Saturday, November 12, 2011

Hither and Yon

I'd pretend to be sleeping
When you come in in the morning
To whisper good-bye
Go to work in the rain
I don't know why
Don't know why
-Top of the World, by the Dixie Chicks

Those lines get to me.  Probably because I've done exactly what they say.  I've sat and listened while someone called my name, I've pretended to be asleep when I'm not, I've made an art form out of wanting to be found, but hiding all the same.  I remember being tucked into the hall closet in the old farm house where I grew up, listening to my mother yell for us to come down for dinner.  I'd sit, curled up, waiting.  Please, I'd think.  Please come find me.  Please come look.  With seven kids to feed, I can hardly fault my mother for not wanting to traipse through three floors of shadows, in pursuit of her youngest, most stubborn, most exasperating, and ultimately baffling child.  Why, for god's sakes, was I hiding in the hall closet when I had clearly heard that it was dinner time?  Eventually, when it became obvious that no one was going to come looking for me, I'd scramble out of the dark folds of winter coats and wrapping paper rolls and gallop down the stairs, away from the monsters I was sure were living in the closet I had just vacated.  I'd run into the brightly lit kitchen, only to find the rest of my family calmly filling their plates and just sitting down to eat.  "Where were you?" my mother would ask.  "I called and you didn't answer."  "Hiding," I would say, and it seemed to suffice.  It wasn't true, though.  I wasn't hiding, I was waiting.  Waiting for something that would not come.  Waiting for a pursuit, a search, a rescue from something I could not name.
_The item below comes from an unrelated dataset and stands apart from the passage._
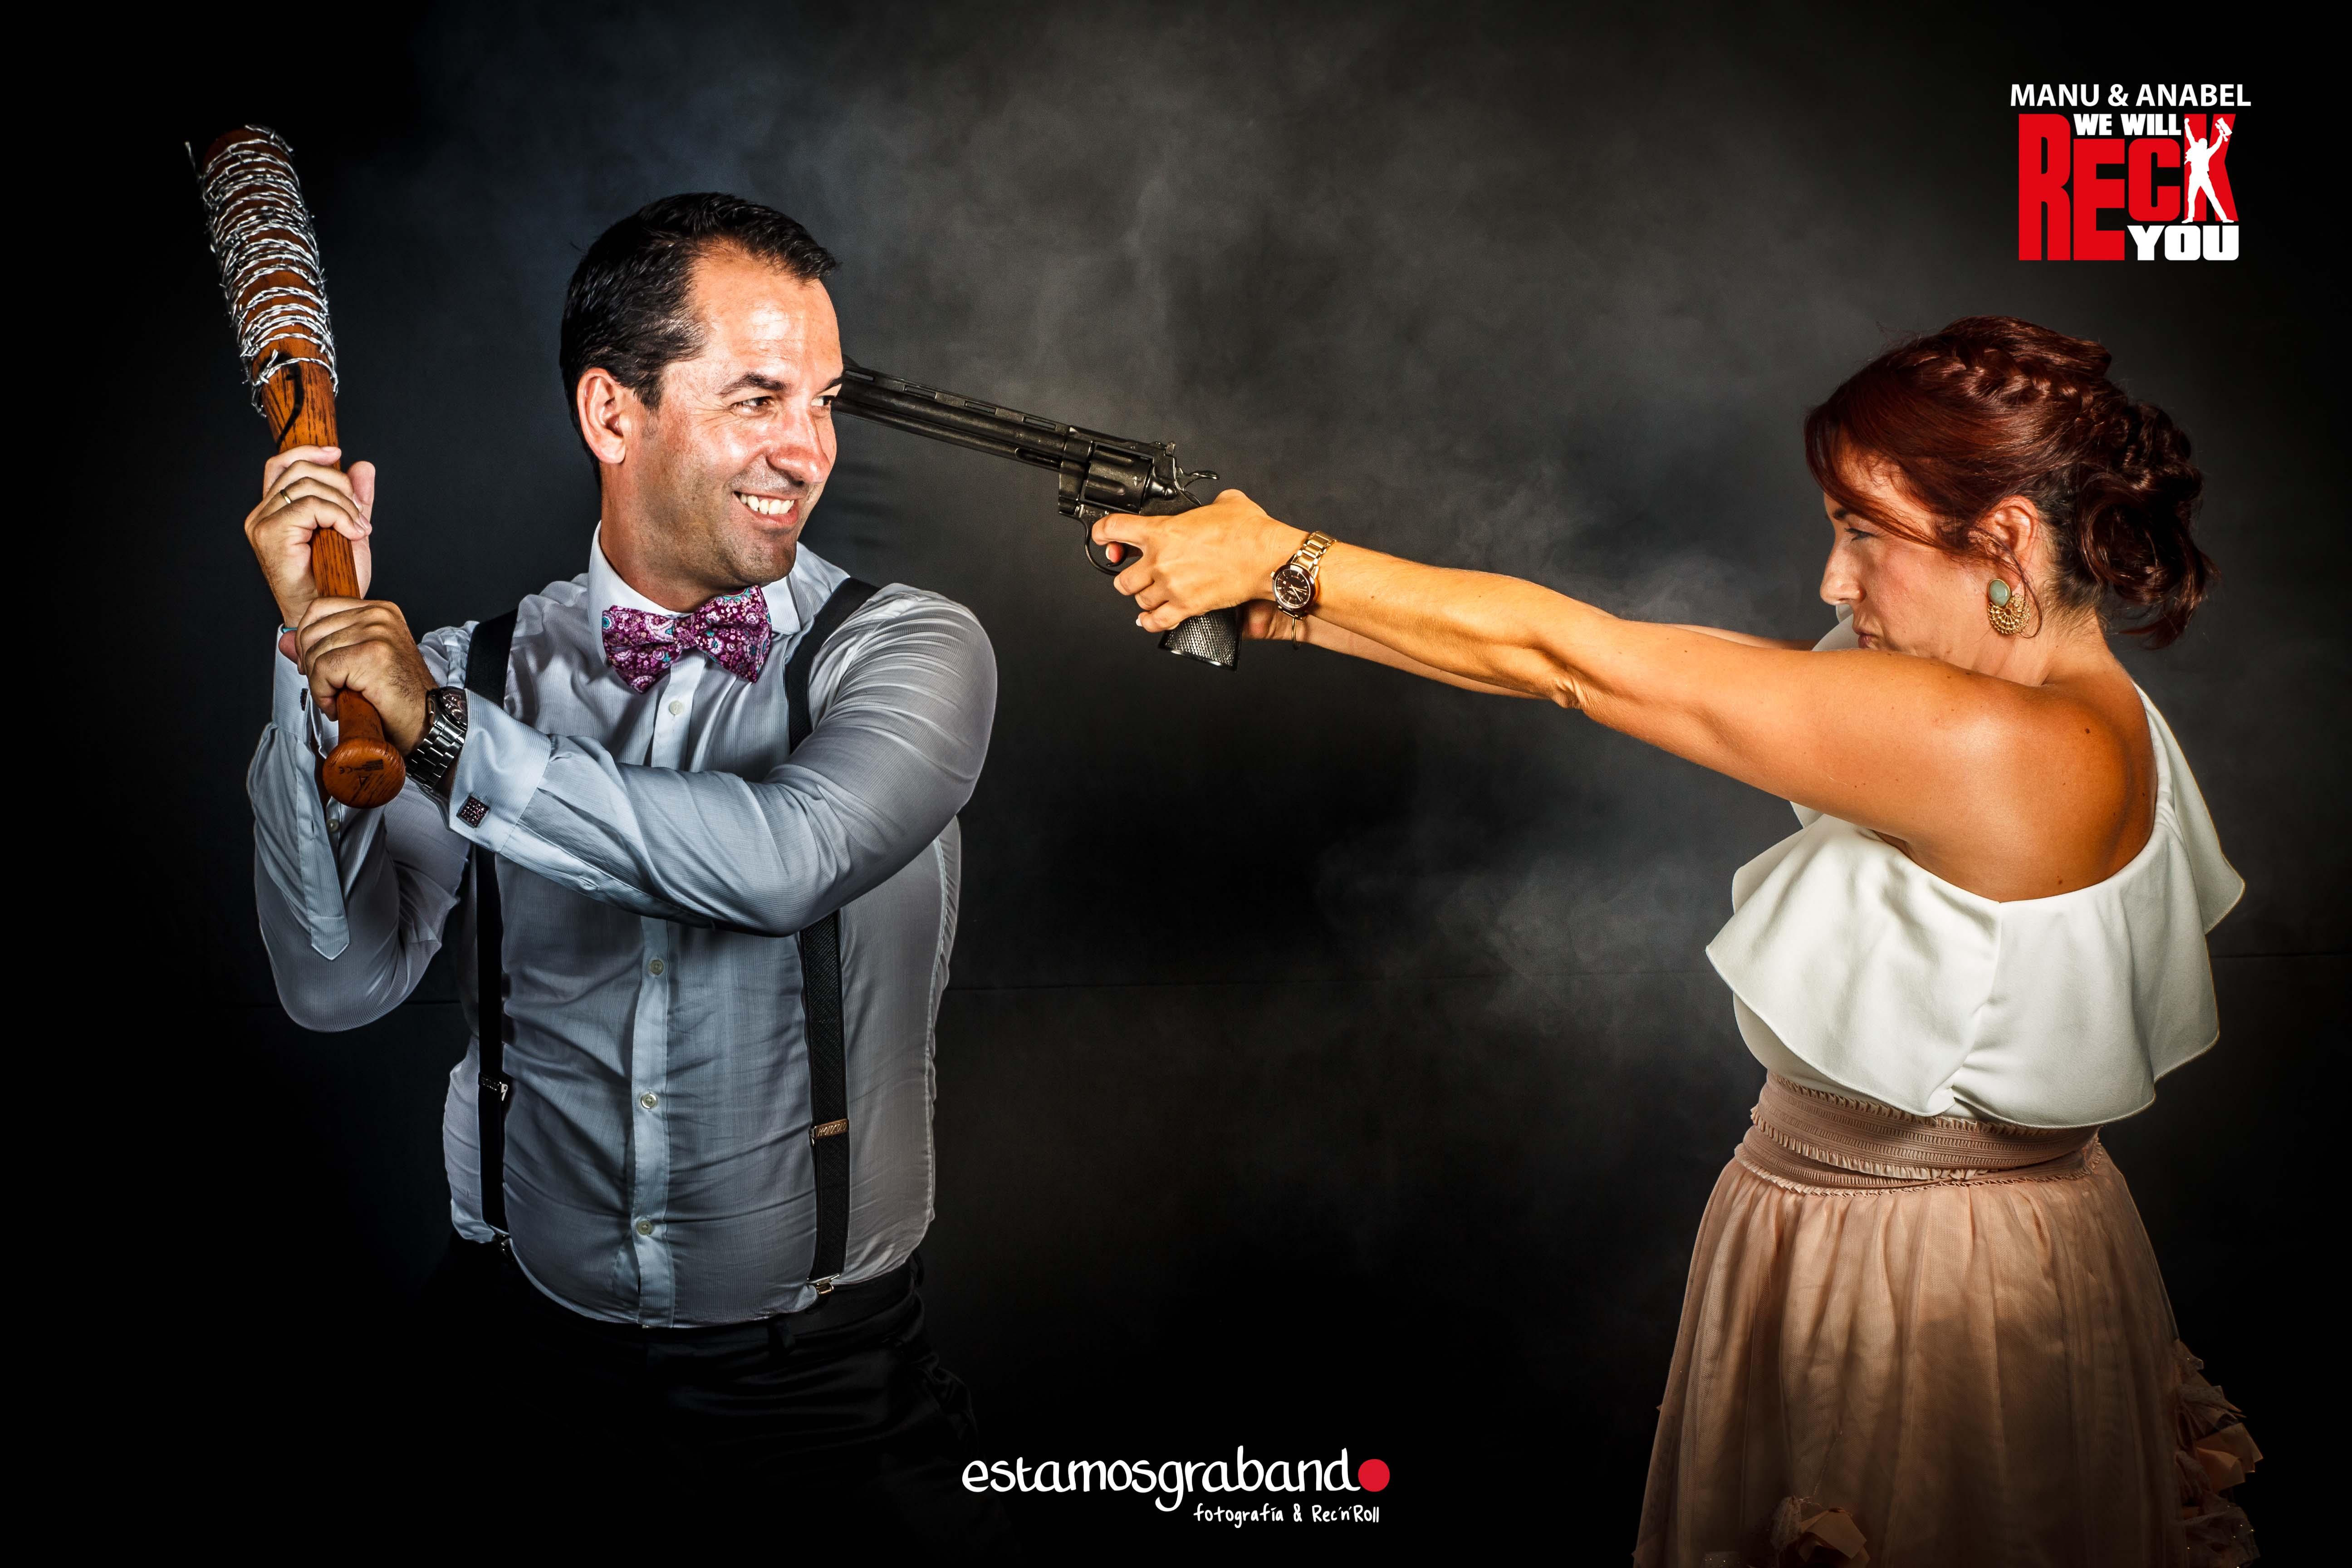 Fotocall-Recandroller_Manu-Anabel-19 Fotocall Recandroller Manu + Anabel _ Jerez de la Frontera - video boda cadiz

In some ways, I feel like I'm still waiting.  If that's the case, then I'm still unsure of what I'm waiting for.  Proof that people care where I am?  Evidence of others' concern for my well-being?  I have those things, in spades.  Maybe there's just something about feeling like I spend half my life in transit these days: more often than not, you could find me on a bus, on the subway, on the T, on the NJ Transit, or sitting, shivering in a station waiting for the doors to open, my ticket to be punched, and the wheels or rails to creak into motion.  Back and forth I go, happy in each place, but in transit nonetheless.  GPS, text messages, and online schedules assure anyone who cares to look exactly where I am at any given moment but it doesn't make me feel any less lost.  Knowing where you are is a far cry from feeling like you belong.  Landing is different from coming home.  And it's only as I've gotten older - and been sought out and found and picked up and carried to safety more times than I can count - that I've realized with an aching heart that even being found when I'm trying so desperately to hide won't take away the demons from which I'm ultimately running.

Years ago, the dark hall closet held me secure but also trapped.  Folded in amongst the coats and winter boots, I was hiding just as much from myself as from my mother.  In the same way, running back and forth can start to look an awful lot like running away.  I want to land.  I want to come home.  I want to unlace my metaphorical sneakers and feel like I belong.  It won't always be this way, I tell myself.  This is part of being young; going with the flow.  Feeling like I'm riding the waves of change instead of fighting to keep my head above water is an art form I have yet to master.  For now, I'll make my iPod playlists, I'll read my library books, I'll pack lightly, and I'll enjoy every hug at the end of every journey.  I'm a lucky girl, I tell myself.  There's love wherever I land.  That is more than enough.